State of Alaska civilian engineers critical to 176th Wing mission success

  • Published
  • By David Bedard
  • 176th Wing Public Affairs

At 8:29 a.m. Nov. 30, 2018, a 7.1-magnitude earthquake slammed Southcentral Alaska. Joint Base Elmendorf-Richardson, miles from the epicenter, was hit like a coconut bashed by a sledgehammer.

At the 176th Wing Headquarters building, the temblor blew the back stairwell off the bolts holding it to the walls. Glycol sprayed out of stricken overhead plumbing lines. Across the street, massive hangar doors busted when whole series of welds failed, and the doors’ wheeled carriages came completely off track.

Quick to repair the extensive damage were 24 Alaska state civilian employees of 176th Civil Engineer Squadron.

Gerald Romig, State of Alaska engineering associate assigned to the 176th Civil Engineer Squadron, said the first thing his crews had to do was to figure out the scope of the damage.

“Our immediate role was to do damage assessment,” he said. “We looked at the high-priority buildings first. We had water and heating system leaks as well as other issues. A lot of people don’t realize how severe it was.”

The crew included Romig as civilian engineer, a financial manager, a real property expert, a state maintenance foreman, plumbers, electricians, equipment operators, grounds people who cut grass and clear snow, warehouse technicians, procurement technicians, and heating, ventilation and air conditioning technicians.

Alaska Air National Guard Lt. Col. James Hawkes, 176th CES commander, underscored the significant role the squadron’s civilian workforce played in getting the wing back into action.

“Our state employees are absolutely critical,” Hawkes said. “Without their efforts, the wing would cease to function with regards to infrastructure, federal-to-state reimbursement funding, snow and ice removal and emergency work order response for plumbing, power, HVAC and more.” 

After the dust settled from the earthquake, it was clear one of the most important projects would be repairing the hangar doors, a massive effort that would require $3.8 million, money that would have to be programmed and committed in a hurry, Romig said.

“I deal 100 percent with federal dollars,” he said, highlighting the fact he is a state employee. “In contrast to the Army side, all of the Air Guard buildings are federally owned. The only thing I can’t do is certify payments, but other than that, I do all of the same functions a federal employee can do.”

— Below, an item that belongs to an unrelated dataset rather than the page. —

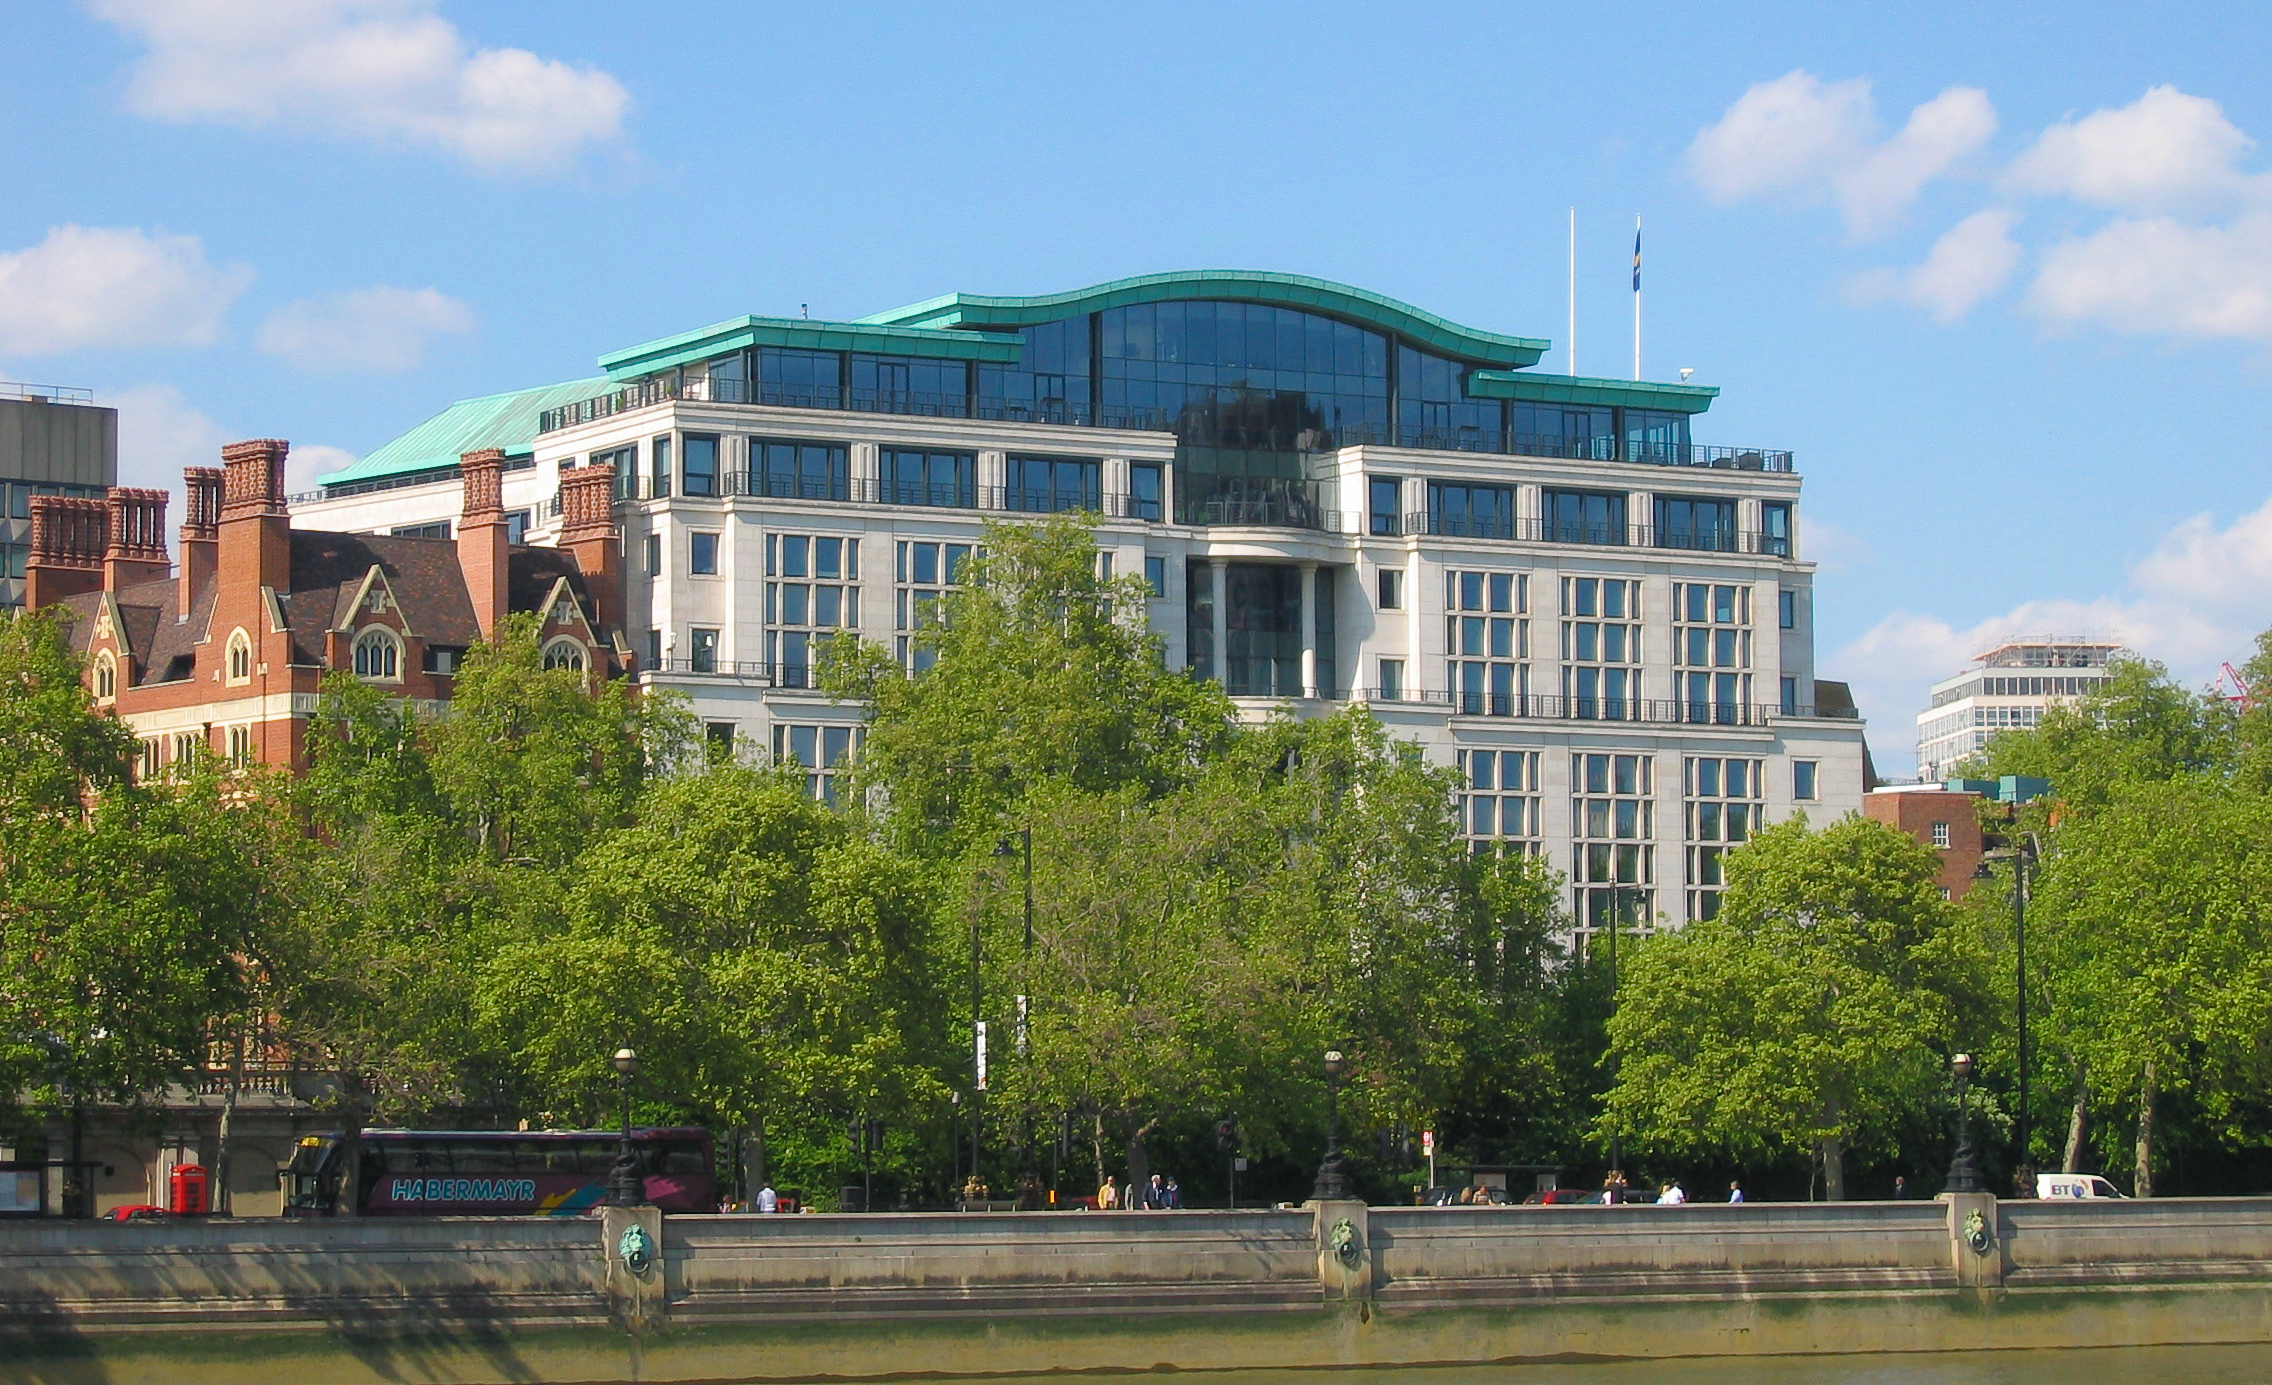 File:British American Tobacco Headquarters jpg - Wikimedia

Leveraging his network stemming from decades of engineering experience, Romig said he knew to phone a particular agency at JBER – the U.S. Army Corps of Engineers Alaska District.

“They have engineering expertise, and they have contract capabilities we don’t have,” he said. “They have what’s called an indefinite delivery/indefinite quantity contract in place for emergencies like the earthquake.”

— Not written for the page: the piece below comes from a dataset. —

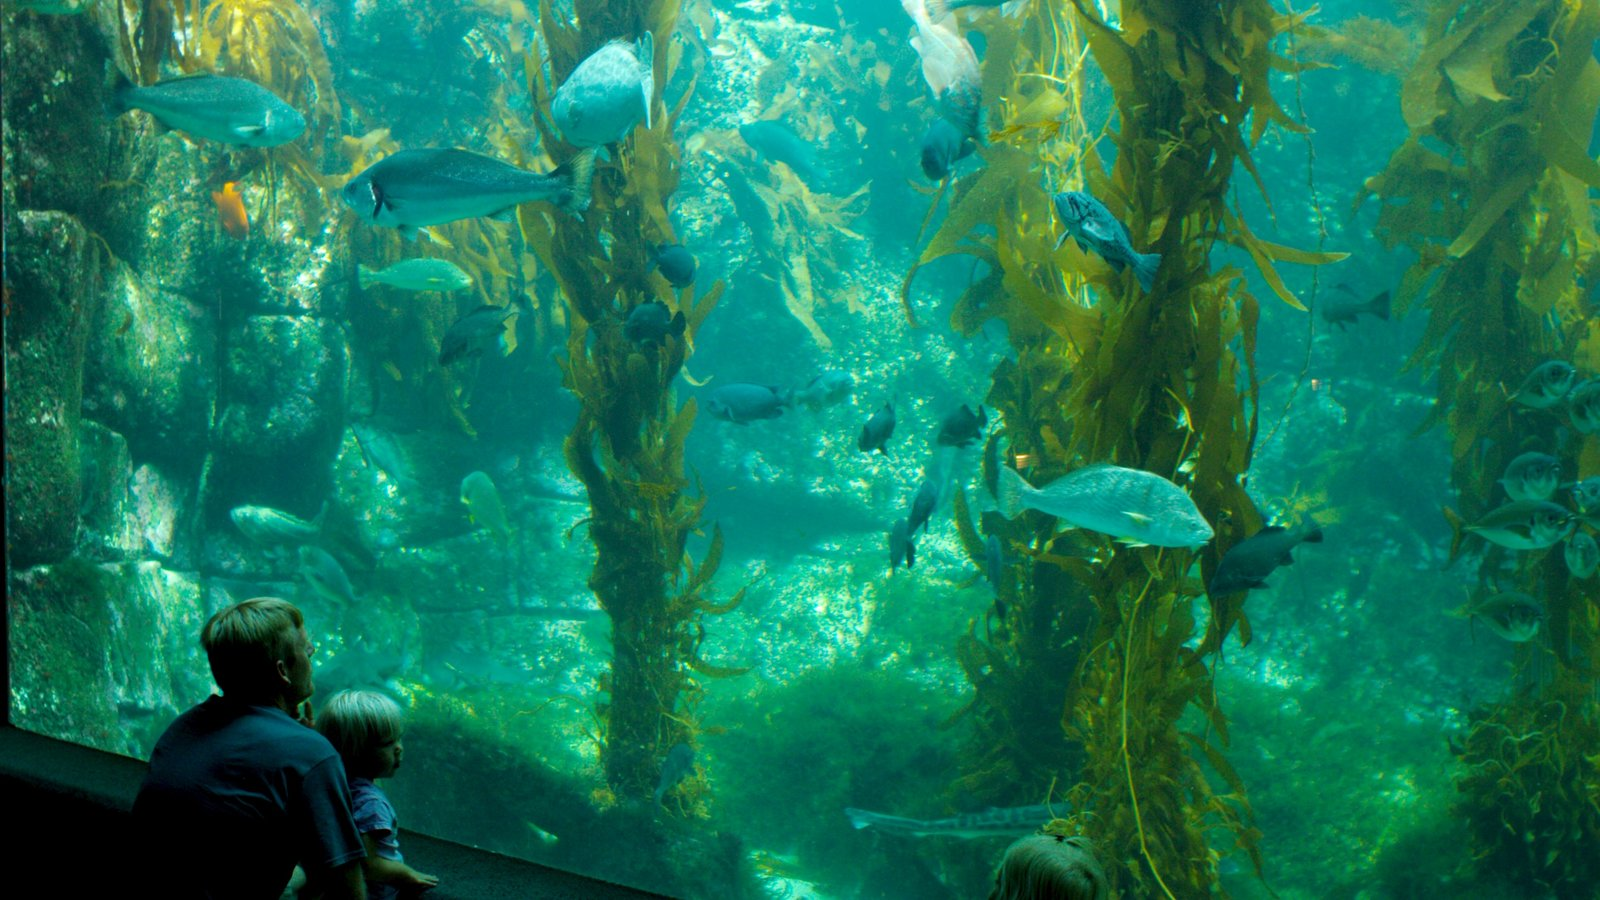 Birch Aquarium showing marine life and interior views

Once the money was in place and the contracts were signed, Romig’s team and a group of contractors went to work on the doors to get the hangars back into action.

“We had to have a welder cut off all of the carriages, jack up the doors, and put new carriages underneath,” he said. “We took the opportunity to install a bigger-diameter axle, so they won’t bend so easy in the future.”

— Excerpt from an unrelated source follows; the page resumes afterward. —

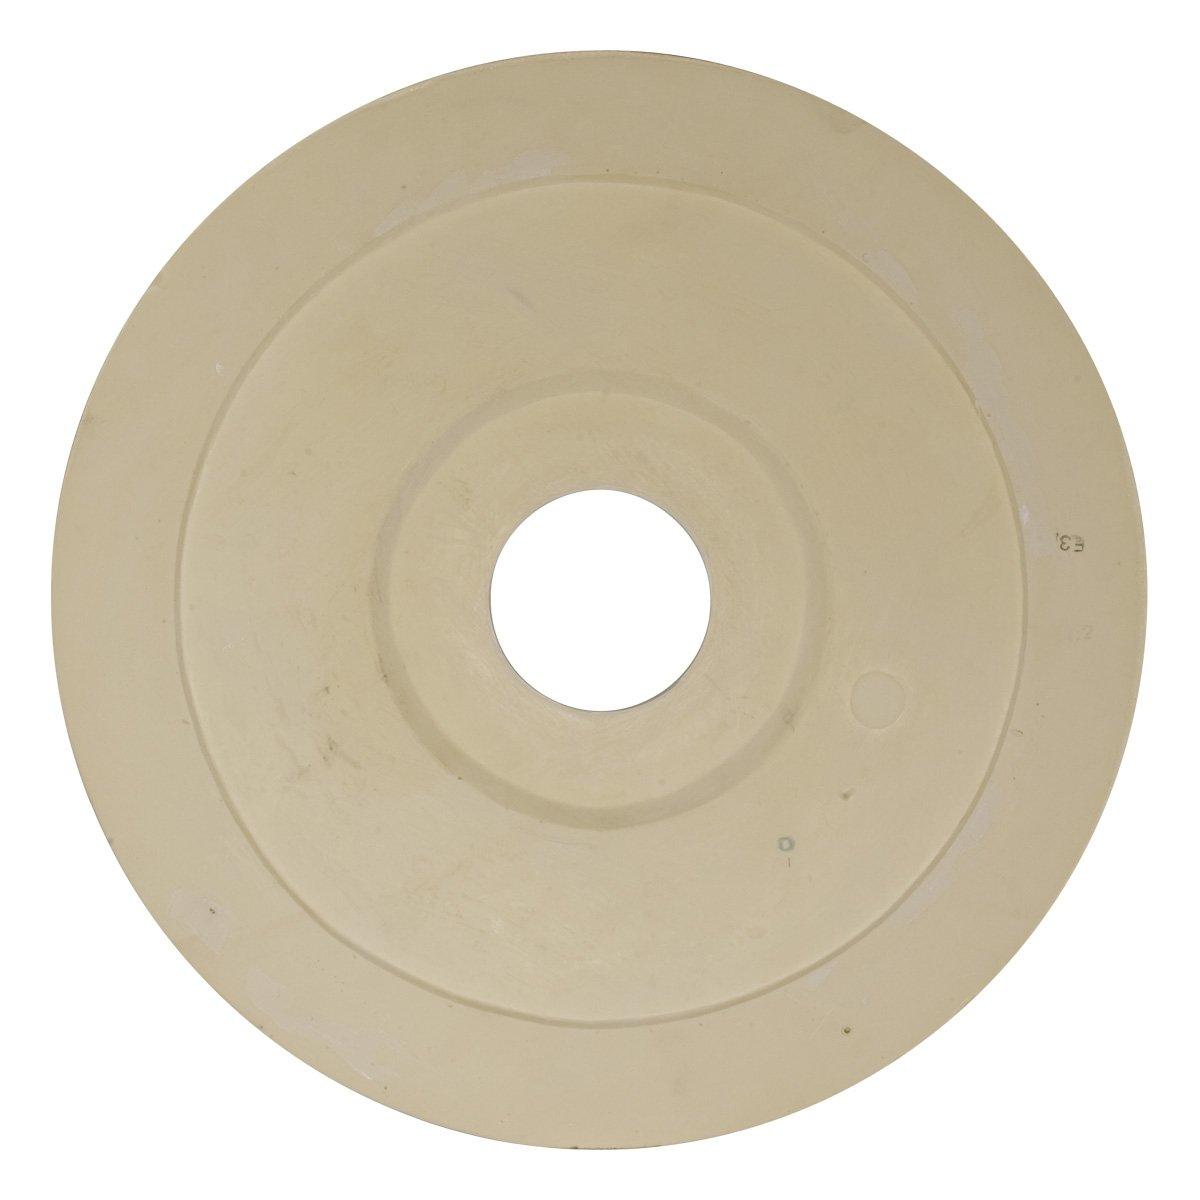 Amazon.com: Ekena Millwork CM18DI Ceiling Medallion Primed: Home ...

Romig said his team took advantage of improved municipal codes brought up to date since the hangars were built to make the doors more modern and built to stand up against earthquakes and storms.

Hawkes said the state employees bring a depth of experience and expertise that is beneficial for the squadron and the wing.

“Many of our state employees are military veterans,” Hawkes said. “However, they now work in a civilian capacity and cannot be ordered to work in the same fashion a full-time military member needs to respond. Because of their dedication and patriotism, they do not allow the military mission to fail and respond at all hours of the day, 24/7, in all crises.”

Whether working with the Corps of Engineers, with federal contracting, or with the traditional weekend-drilling Guardsmen who fill the 176th CES military ranks, Romig said the x-factor that makes his civilian workforce and the squadron effective is teamwork and partnerships.

“The cooperative spirit is what makes this unit one of the best I have ever seen,” he said.